“Building Power: Hope Is a Verb”
with Zrinka Bralo
Featuring Zinka Bralo, the Chief Executive Officer for Migrants Organise, London. A refugee, a journalist who worked with leading war correspondents during the siege of Sarajevo in the 90s, founder of ‘Women on the Move Awards’, and winner of the 2011 Voices of Courage Award by the Women’s Refugee Commission in New York. As the commissioner of the Independent Asylum Commission, Zrinka successfully negotiated the end of immigration detention of children in the UK in 2010.
In this episode, we talk about Zrinka’s innovative model of combining organizing and campaigning for systemic change with community-based, grassroots access to justice in form of support for people affected by the U.K.’s hostile environment immigration policy.

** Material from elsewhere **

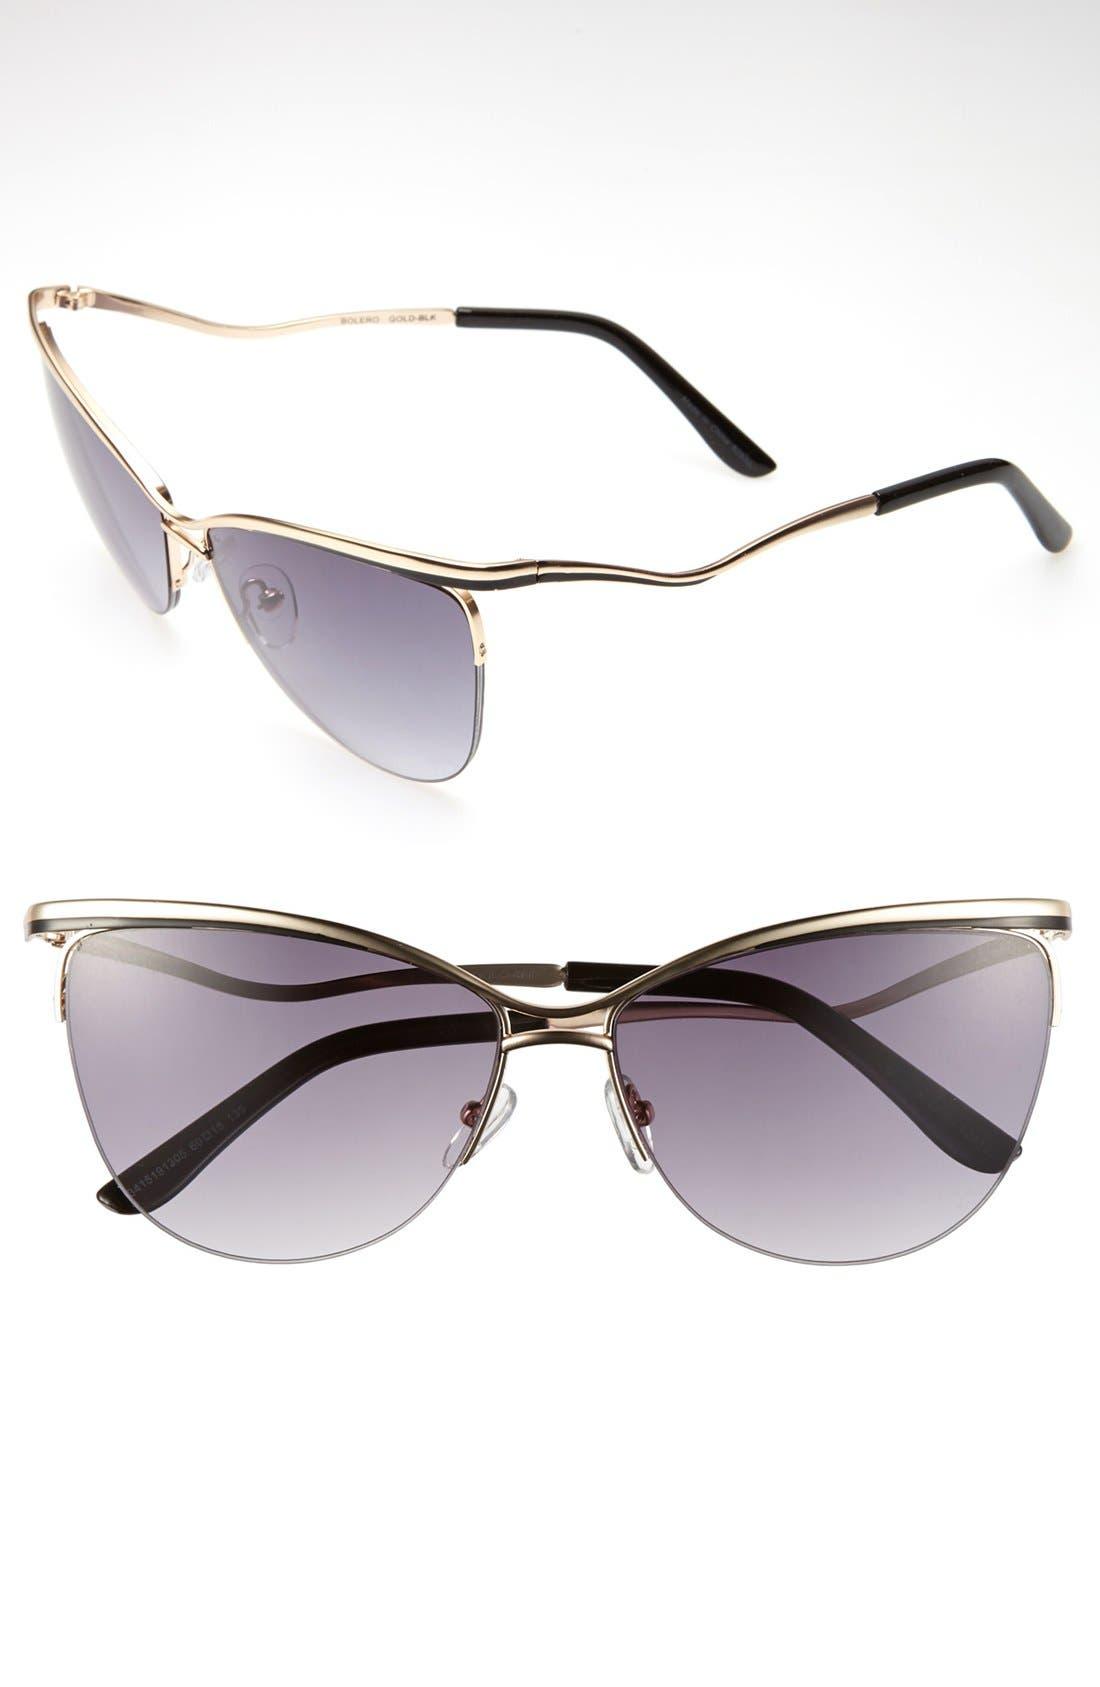 Main Image - Outlook Eyewear 'Bolero' 60mm Sunglasses

“There is a lot of talk of lived experience. I absolutely hate that expression.”
“Tell me why”
“So, first of all, everybody has got lived experience, whoever is alive has lived experience…but there is also something about reducing people just to that experience, which sort of takes away their agency. They’re framed in a way where they just testify about the oppression that they’re experiencing. And that’s a very reductionist approach. And then they’re sort of trotted around, they share their story, they retraumatize themselves, it’s very exploitative. Even if you prepare people for that, it’s still very exploitative. We tend to say: I don’t want you just to speak from your experience, I want you to speak from the movement. So when you’re wrapping up, what is your one message that you want people to do? What is the legitimacy for the action you’re calling for? And that needs to come from us together, from the community, from the movement.